BOB-Keynote 2015: Towards Functional Operating Systems
Die BOB 2015 ist passiert! Wir hatten einen tollen Konferenztag mit vielen Vorträgen und Tutorials zum Besten in der Software-Entwicklung.
Besonders beeindruckt hat uns der Vortrag von unserem Eröffnungsredner Anil Madhavapeddy von der Universität Cambridge, der über das Projekt Mirage berichtete - ein Framework, um komplette Betriebssystem-Images aus OCaml-Code zusammenzustellen. Mirage ist damit eine spektakuläre Anwendung funktionaler Programmierung in der Praxis. Ein Vortragsvideo sowie die Folien zu Dr. Madhavapeddys Vortrag stehen auf der BOB-Seite. Dieses Posting fasst die wichtigsten Aspekte von Mirage zusammen.
Hintergrund
Wer heutzutage einen Dienst im Internet anbieten muss, greift oft auf eine Kombination von Betriebssystem und Webserver wie den LAMP-Stack zu.

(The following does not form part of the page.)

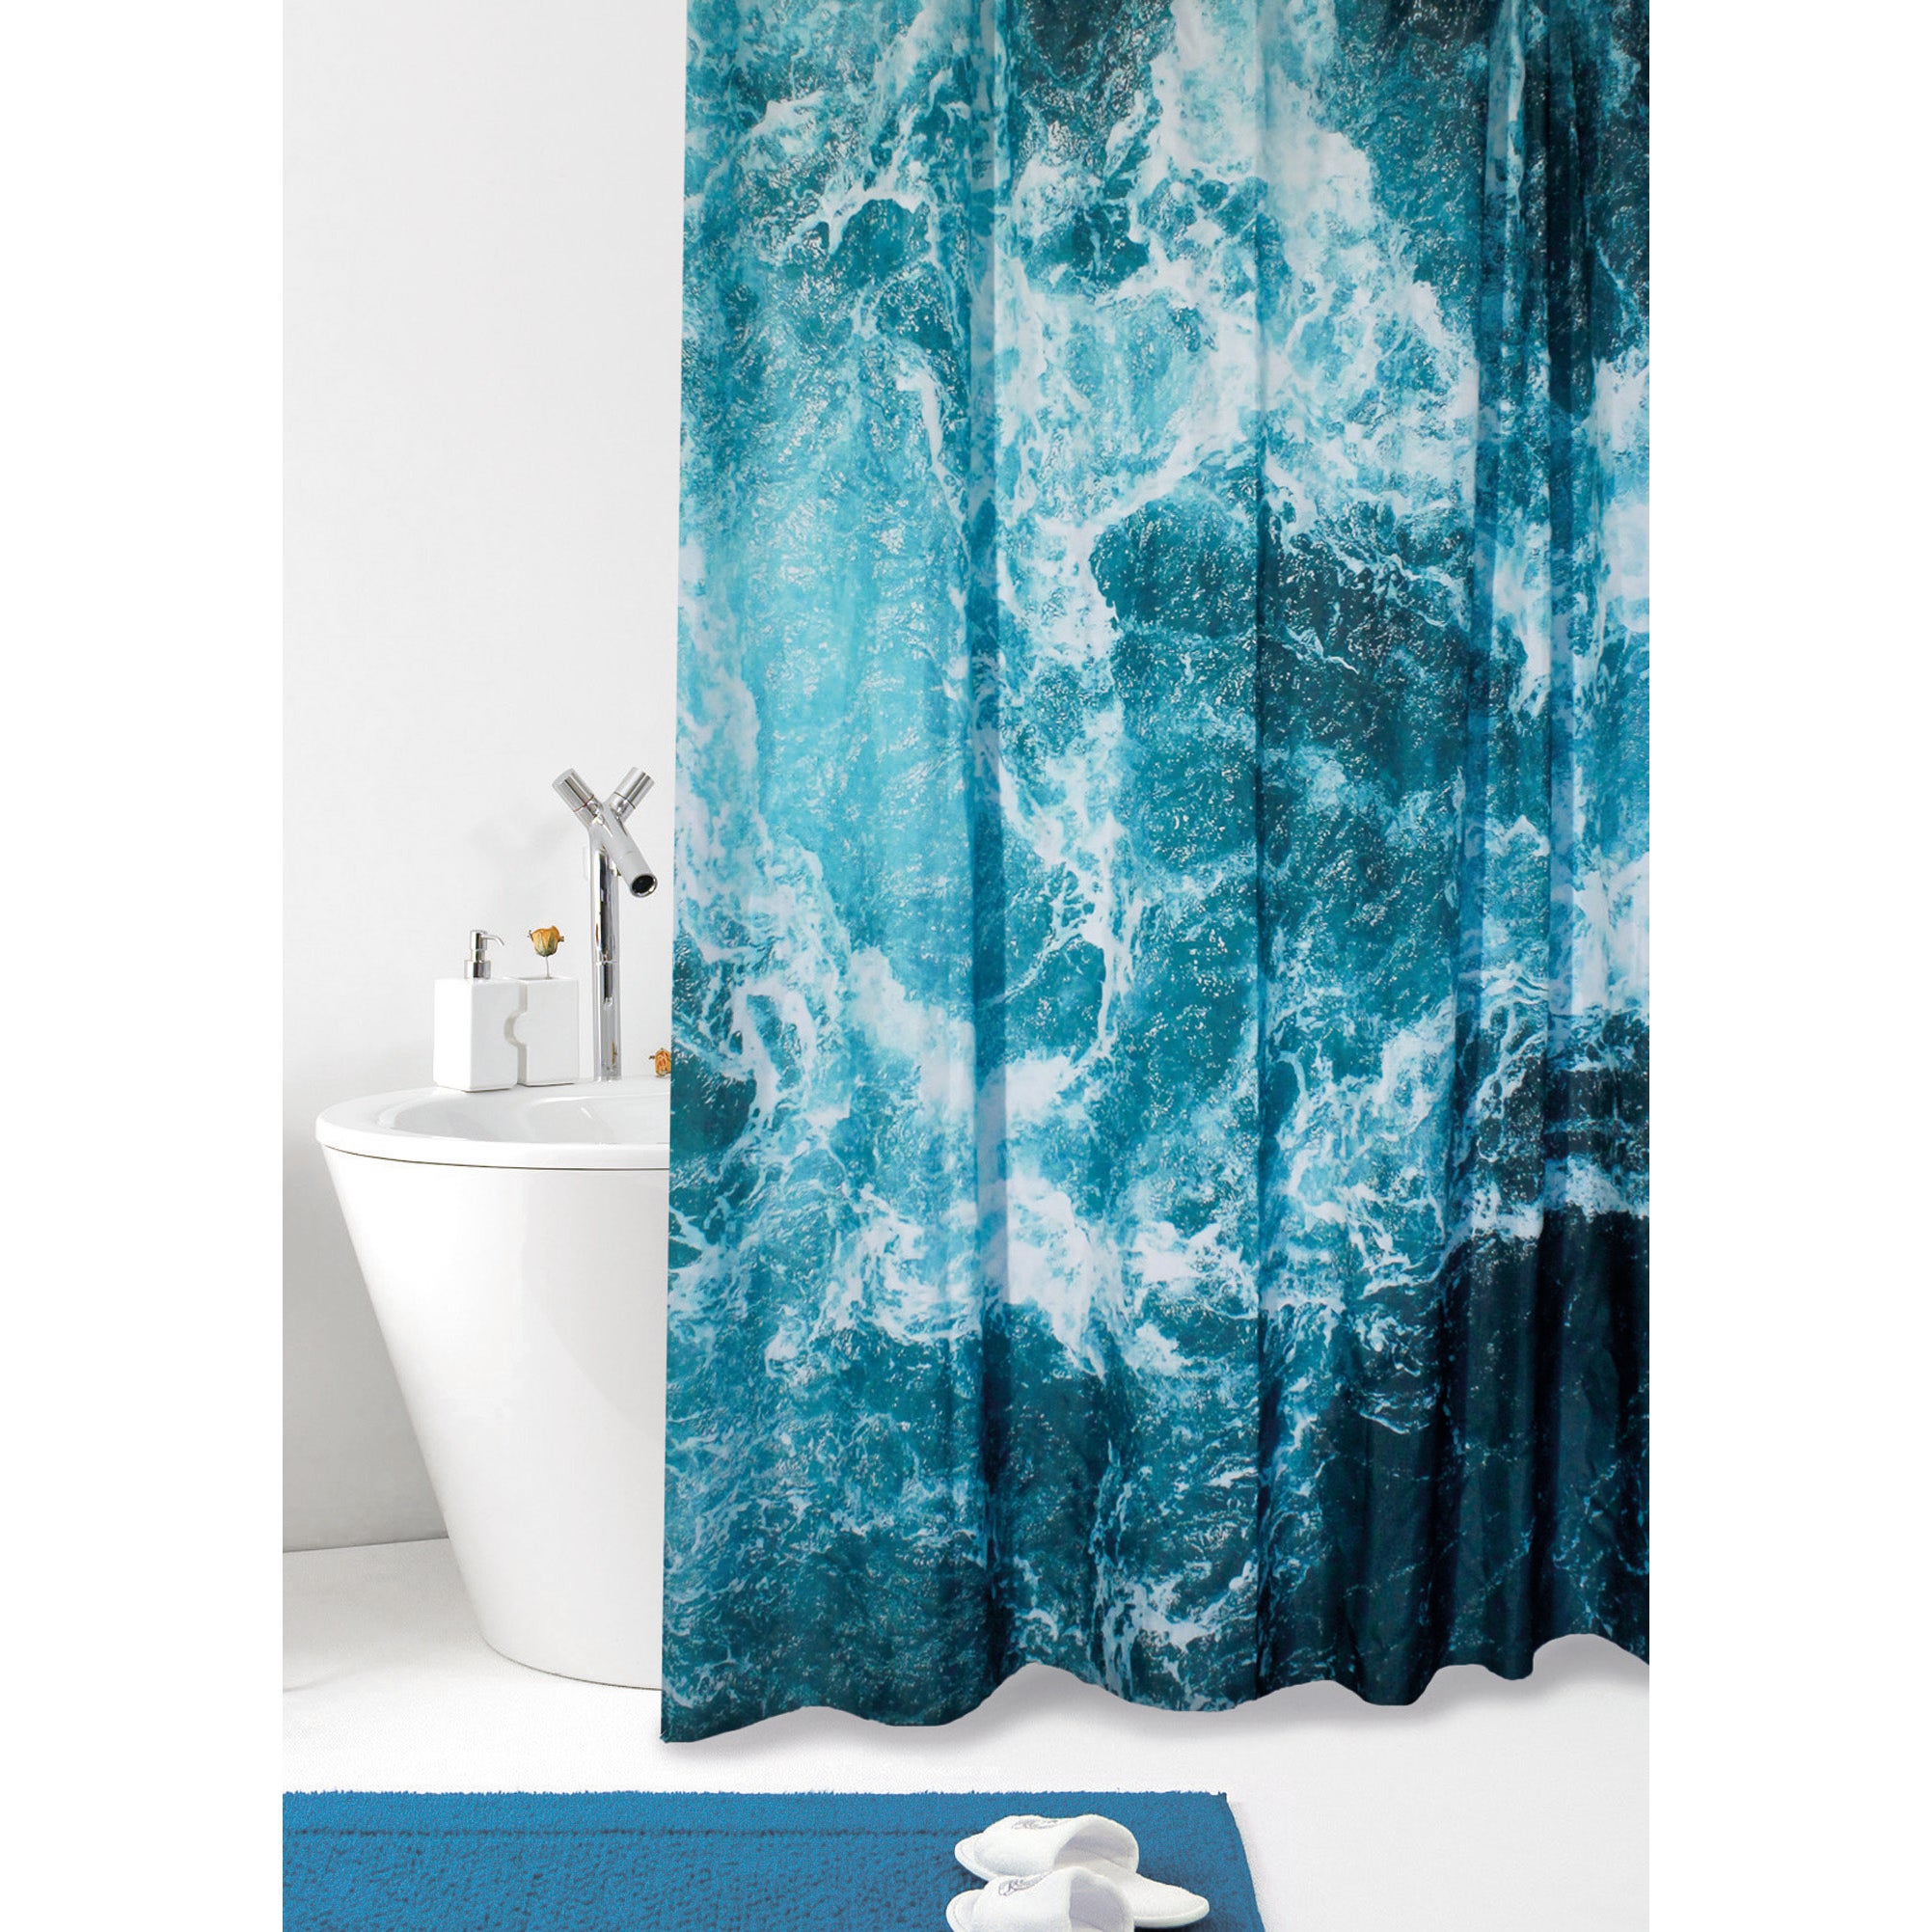 ABAKUHAUS Nautico Tenda da Doccia Blu Bianco 175 cm x 220 cm per la Vasca da Bagno Marine Starfish Tessuto Set di Decorazioni per Il Bagno con Ganci

Zu LAMP gehört allerdings ein komplettes Linux mit Multi-User-Verwaltung, Prozessverwaltung, jeder Menge Betriebssystemtreiber und haufenweise weiterer Funktionalität, die Angriffe wie Shellshock ermöglicht. Je mehr Code im System vorhanden ist, desto anfälliger ist das System. Außerdem ist der größte Teil dieser Funktionalität in C geschrieben und damit anfällig für Sicherheitsprobleme wie Heartbleed.
Muss das sein, wenn ein Dienst im Internet doch all diese Funktionalität des drumherumliegenden Systems gar nicht benötigt?
Natürlich nicht.
Mirage
Mirage ist ein Framework, um sogenannte Unikernels zu bauen, also Betriebssystem-Images, die jeweils auf eine bestimmte Aufgabe spezialisiert sind. Dazu wird der Code, der den Dienst implementiert, in OCaml geschrieben. Mirage macht daraus ein Image, das direkt unter Xen laufen kann - ohne dass ein Linux oder anderes Betriebssystem drumherum benötigt wird. Diese Images nehmen typischerweise nur wenige Megabytes ein (manchmal sogar weniger als ein Megabyte), verglichen mit den Gigabytes, die eine moderne Linux-Installation verschlingt. Xen ist um mehrere Größenordnungen weniger komplex als z.B. Linux und isoliert virtuelle Maschinen deutlich besser als Linux Prozesse voneinander trennt. Diese virtuellen Maschinen können so schnell gestartet werden, dass es sogar möglich ist, Internet-Services so zu bauen, dass die VM pro Anfrage neu gestartet wird. (Ein Mirage-Image kann innerhalb weniger Millisekunden hochfahren.)
Zu Mirage gehören ein kompletter TCP/IP-Stack und eine ganze Reihe von Internet-Protokollen, insbesondere eine Implementierung von TLS. Damit können eine Reihe von Internet-Services auf Basis solcher Unikernels aufgesetzt werden, angefangen mit dem Mirage-Web-Server.
Die TLS-Implementierung ist exemplarisch für die weiteren, entscheidenden Vorteile, die in OCaml geschriebene Software mit sich bringt:
- mehr Produktivität
- weniger Fehler
- exzellente Unterstützung für Modularität
- insbesondere sind Buffer-Overflow-Probleme von vornherein ausgeschlossen - das OCaml-TLS ist deswegen natürlich nicht anfällig für Heartbleed und ähnliche Probleme
Das Modulsystem von OCaml wird insbesondere benutzt, um Mirage sehr weitgehend konfigurierbar zu machen. So ist es möglich, einen Mirage-Kernel zu Testzwecken erst einmal als „normales“ Programm laufen zu lassen, indem die Implementierungen der Module für den TCP/IP-Stack etc. durch solche ausgetauscht werden, welche das drumherumliegende Betriebssystem benutzen.
Mirage ist Open Source und seit 2013 produktiv. Die Web-Seite enthält umfangreiche Dokumentation, und die Community um das Projekt wächst täglich.
Vielleicht probieren Sie es auch mal aus?